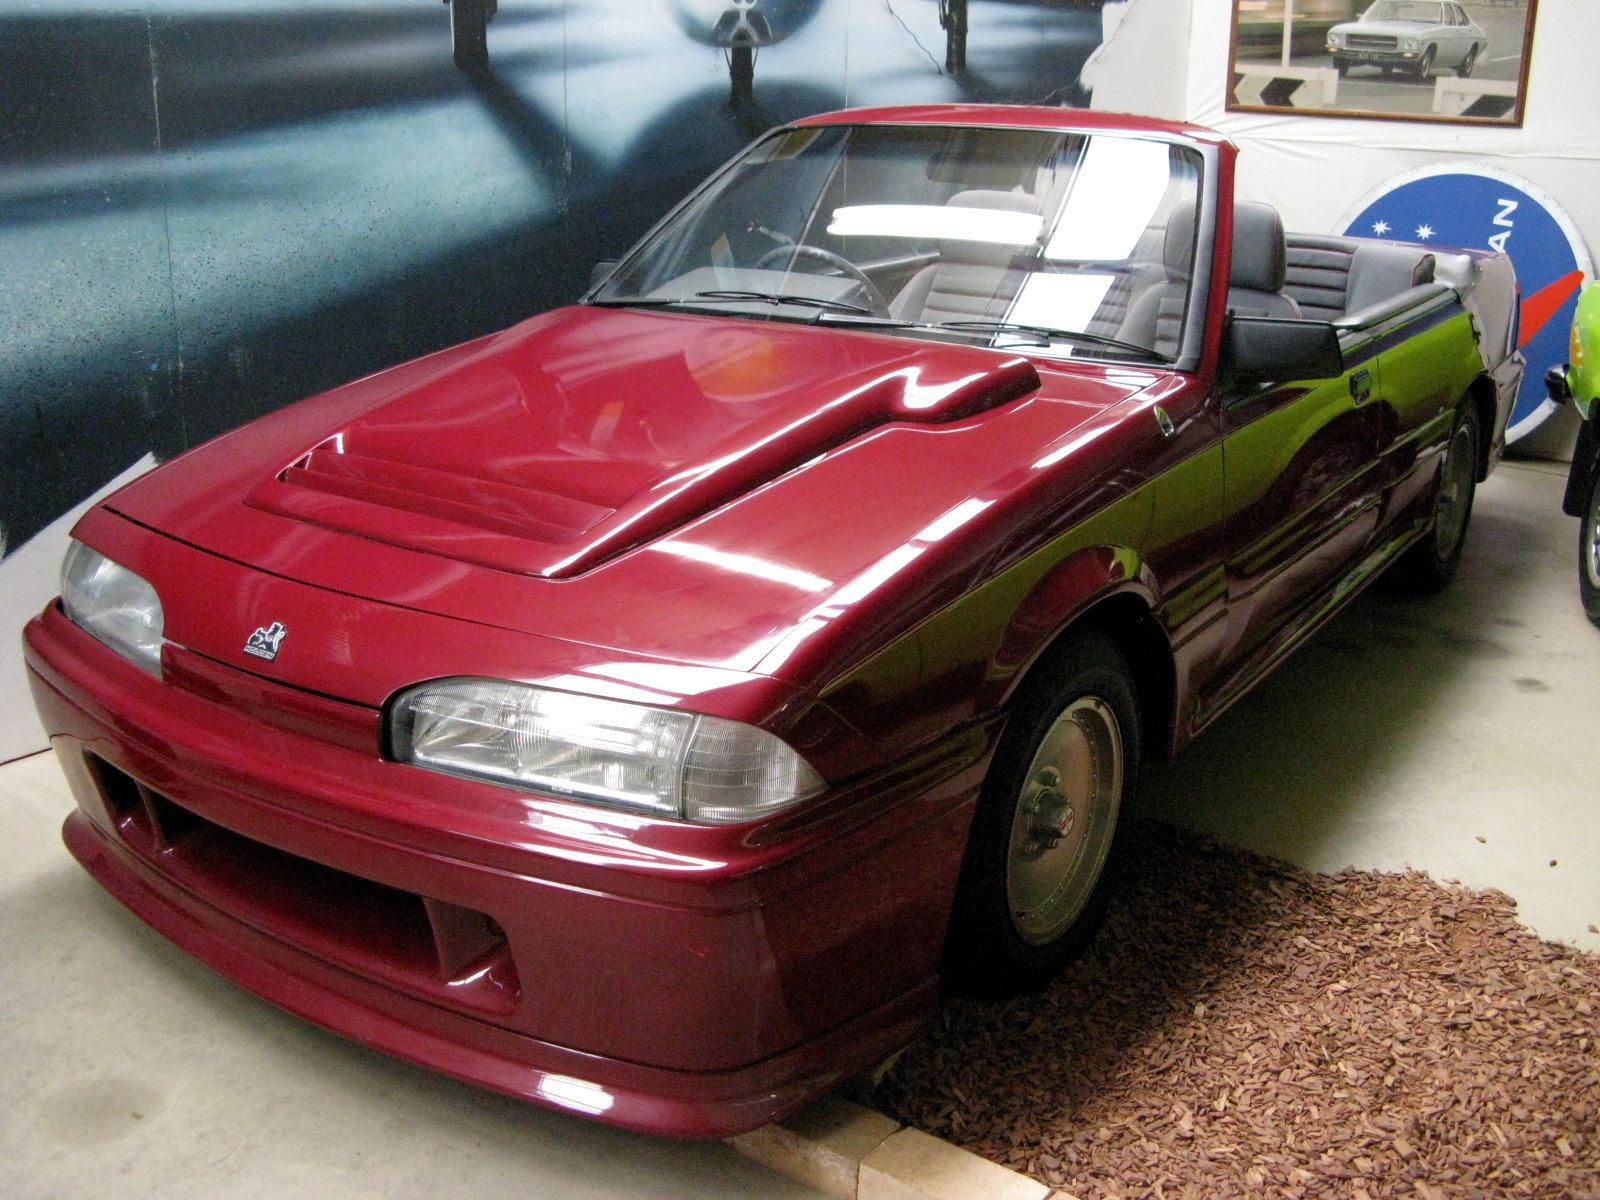 Convertible Commodore For Sale 16 000
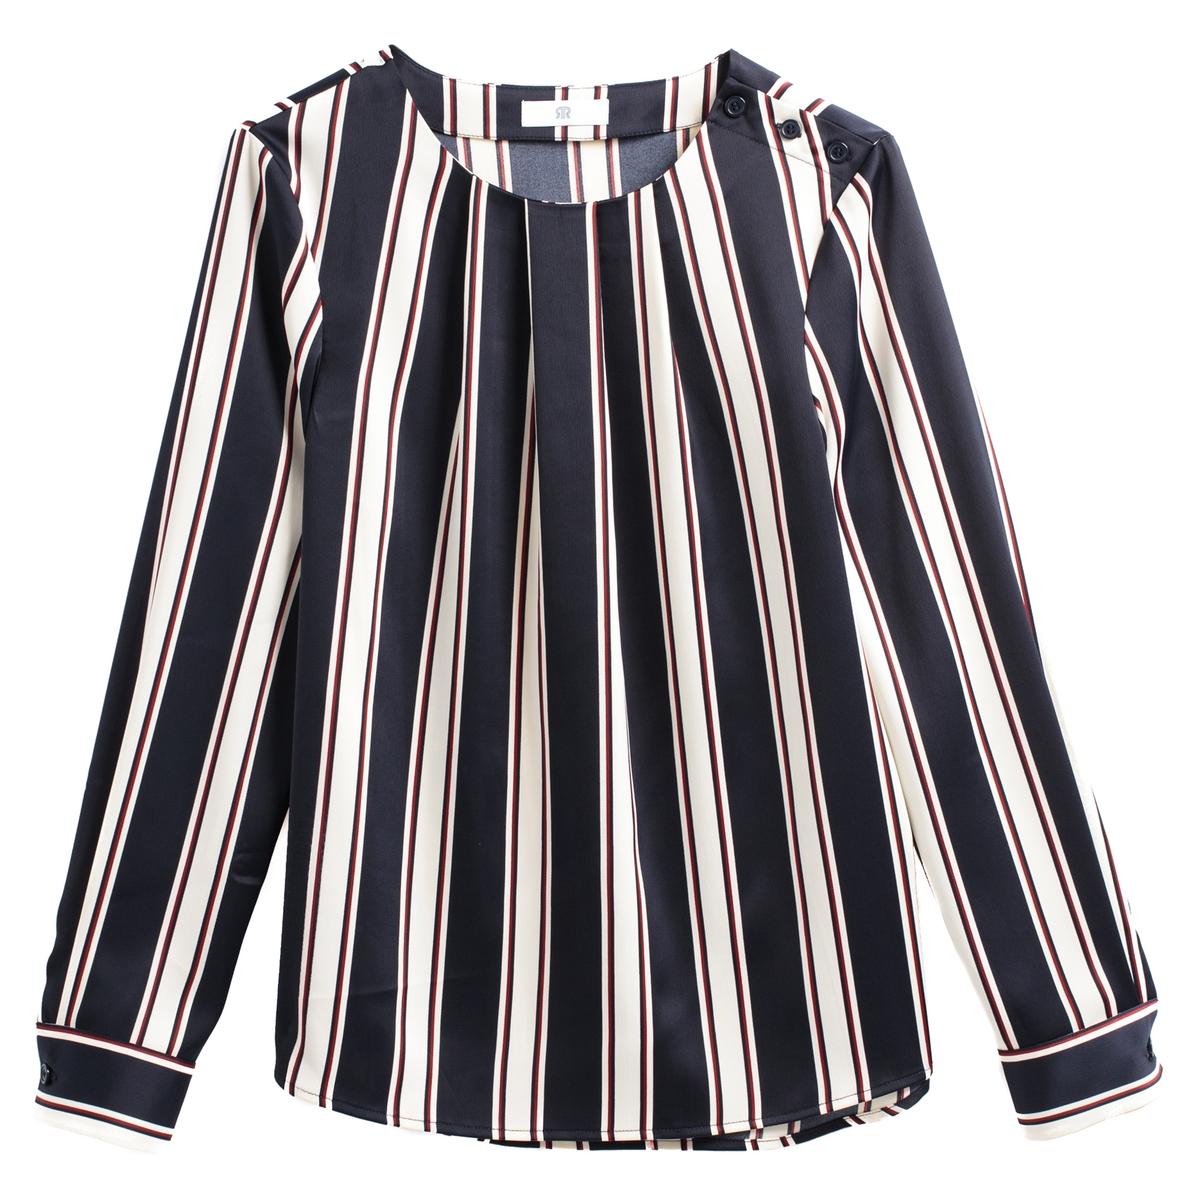 Blusa a rayas gráficas de manga larga y cuello redondo
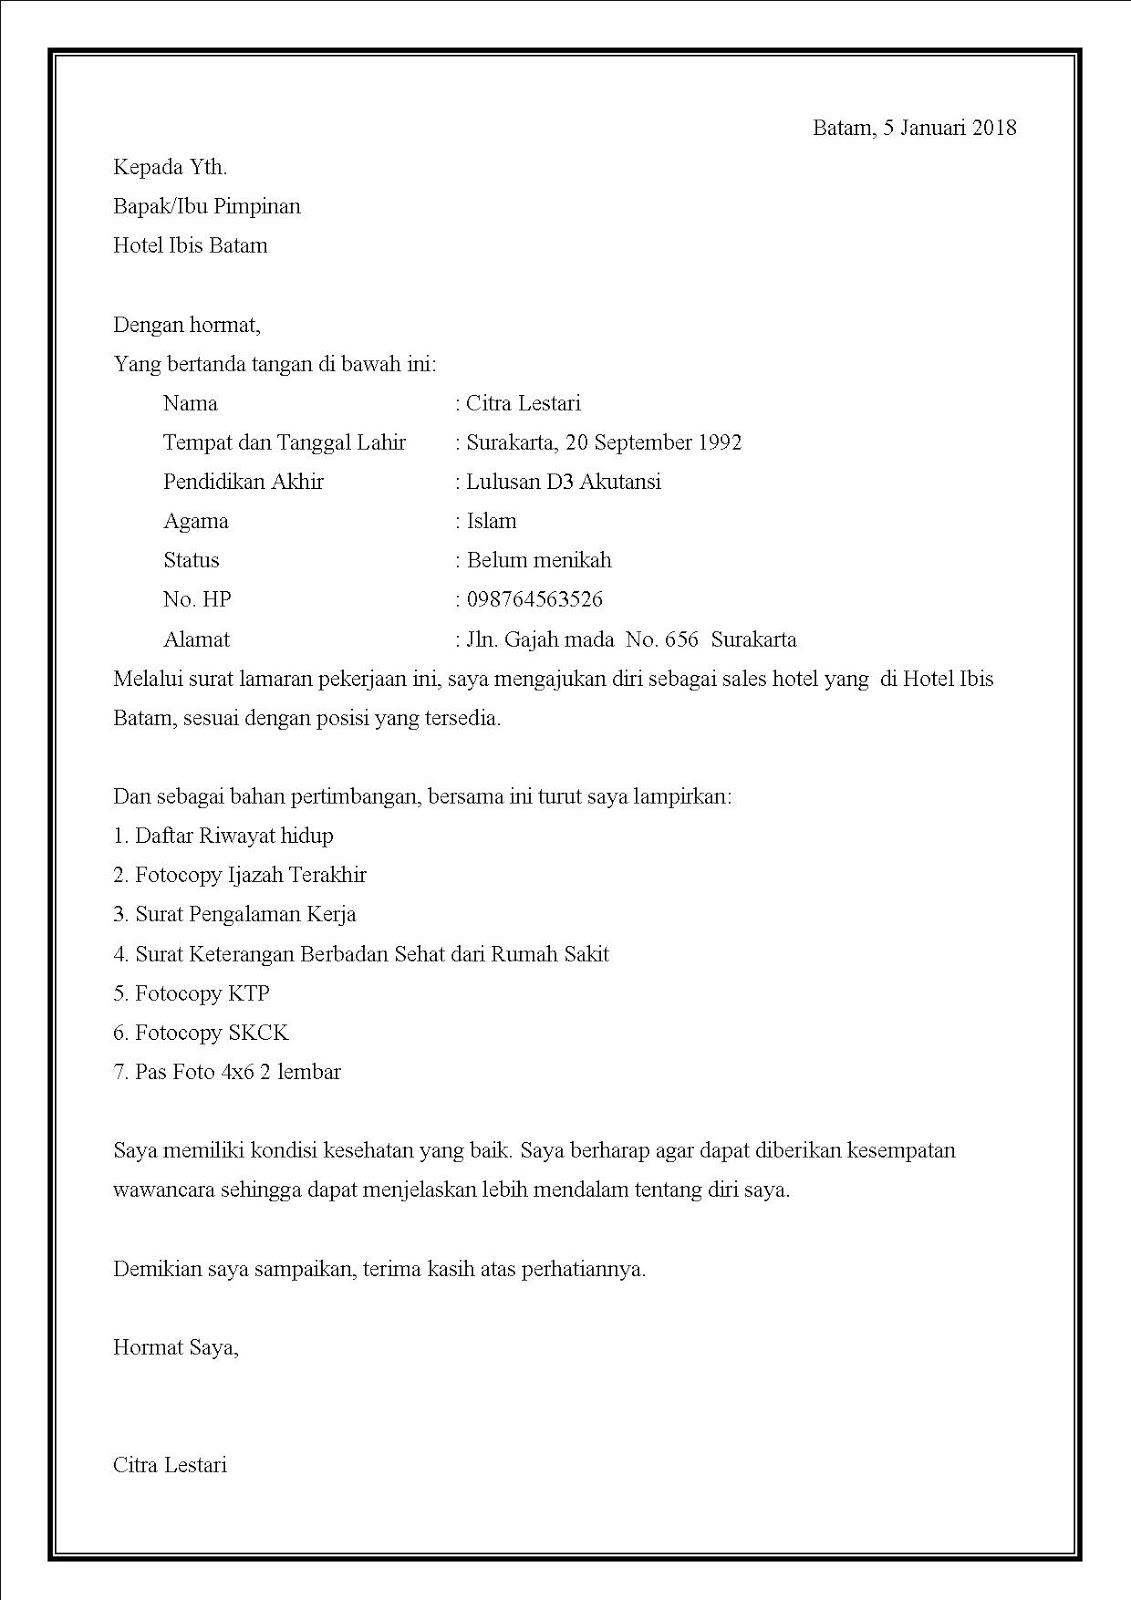 Contoh surat lamaran kerja di hotel menggunakan bahasa Indonesia yang baik dan benar

Problem requirements
Reproduce the data above line for line, excluding every picture.

Task output
 Convertible Commodore For Sale 16 000
 Blusa a rayas gráficas de manga larga y cuello redondo
 Contoh surat lamaran kerja di hotel menggunakan bahasa Indonesia yang baik dan benar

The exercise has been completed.